Ringe ließ den Wagen in einer Seitenstraße in der Nähe des Torsplatzes stehen und begab sich in das Haus, in dem Gunhild Maria Save im dritten Stockwerk ihre kleine Wohnung gehabt hatte. Das Namensschild befand sich noch an der Tür, die von der Kriminalpolizei versiegelt worden war.

Ringe klingelte bei dem Nachbarn.

Nach einer Weile wurde die Tür von einer etwas ältlichen Frau mit ungemachtem Haar und in unordentlicher Kleidung geöffnet.

»Kommt nun schon wieder die Polizei«, sagte sie und glotzte Ringe wütend an. »Hört denn die Rennerei überhaupt nicht mehr auf? Ich habe alles gesagt, was ich weiß.«

Die Frau wollte die Tür wieder zuschlagen, aber mit einem kräftigen Griff hielt Ringe sie zurück.

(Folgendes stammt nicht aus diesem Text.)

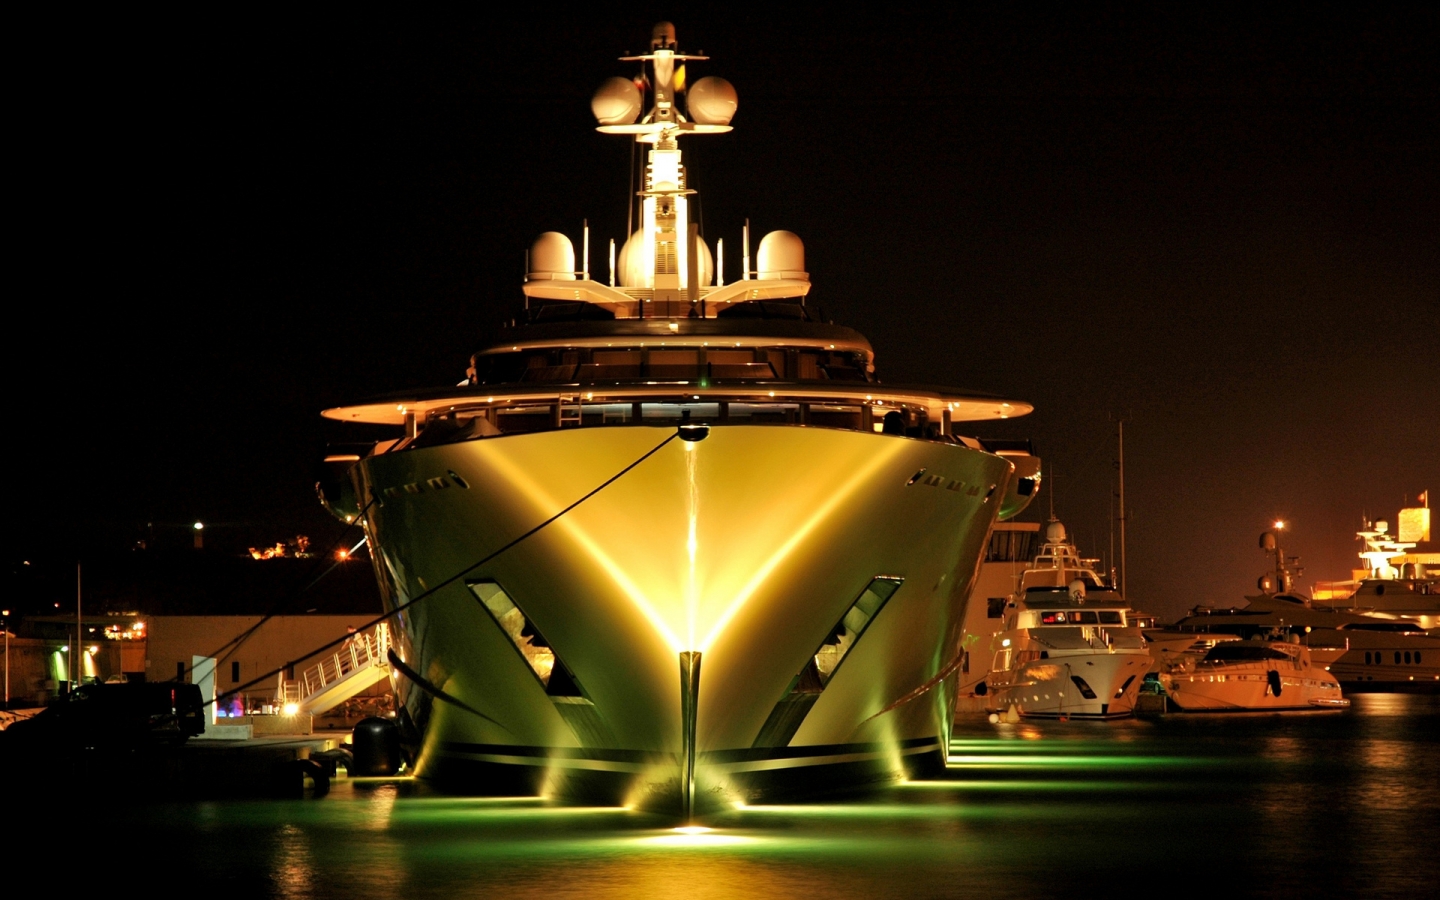 Pelorus Yacht for 1440 x 900 widescreen resolution

»Ich verstehe vollkommen, daß die Rennerei der Polizei hier im Hause Ihnen lästig ist«, sagte er und lächelte die Frau freundlich an. »Aber die Sache ist nun die« – Ringe senkte die Stimme und trat etwas näher an die Frau heran – »wir haben jetzt eine Spur gefunden, die vielleicht zu etwas führen kann. Wir suchen einen Mann von ungefähr Ihrer Größe, schlank und geschmeidig, schmales Gesicht mit ziemlich kräftigem Kinn, dunklen Augen, schwarzem Haar. Es ist möglich, daß er in Chauffeurskleidung war, aber ganz sicher ist das natürlich nicht.«

Ringe sah sich verstohlen im Treppenflur um, als wolle er feststellen, daß kein Lauscher in der Nähe sei. Dann fuhr er mit leiser Stimme fort:

»Es ist eine Belohnung von hundert Kronen ausgesetzt worden für denjenigen, der uns Auskünfte geben kann, die es ermöglichen, den Mann zu finden. Sie haben ihn wohl nicht gelegentlich hier im Hause gesehen?«

»Ja, Sie haben eine andere Art zu fragen als Ihre Kollegen«, sagte die Frau und öffnete die Tür ganz. »Kommen Sie doch einen Augenblick auf den Korridor. Drinnen ist leider nicht aufgeräumt, so daß ich so feine Gäste wie den Herrn Kriminalbeamten im Zimmer nicht empfangen kann.«

Ringe trat in den dunklen Vorraum, in dem der Dunst von gebratenen Fischkoteletts stand. Die Düfte strömten ihm richtig von den Wänden und der Decke entgegen.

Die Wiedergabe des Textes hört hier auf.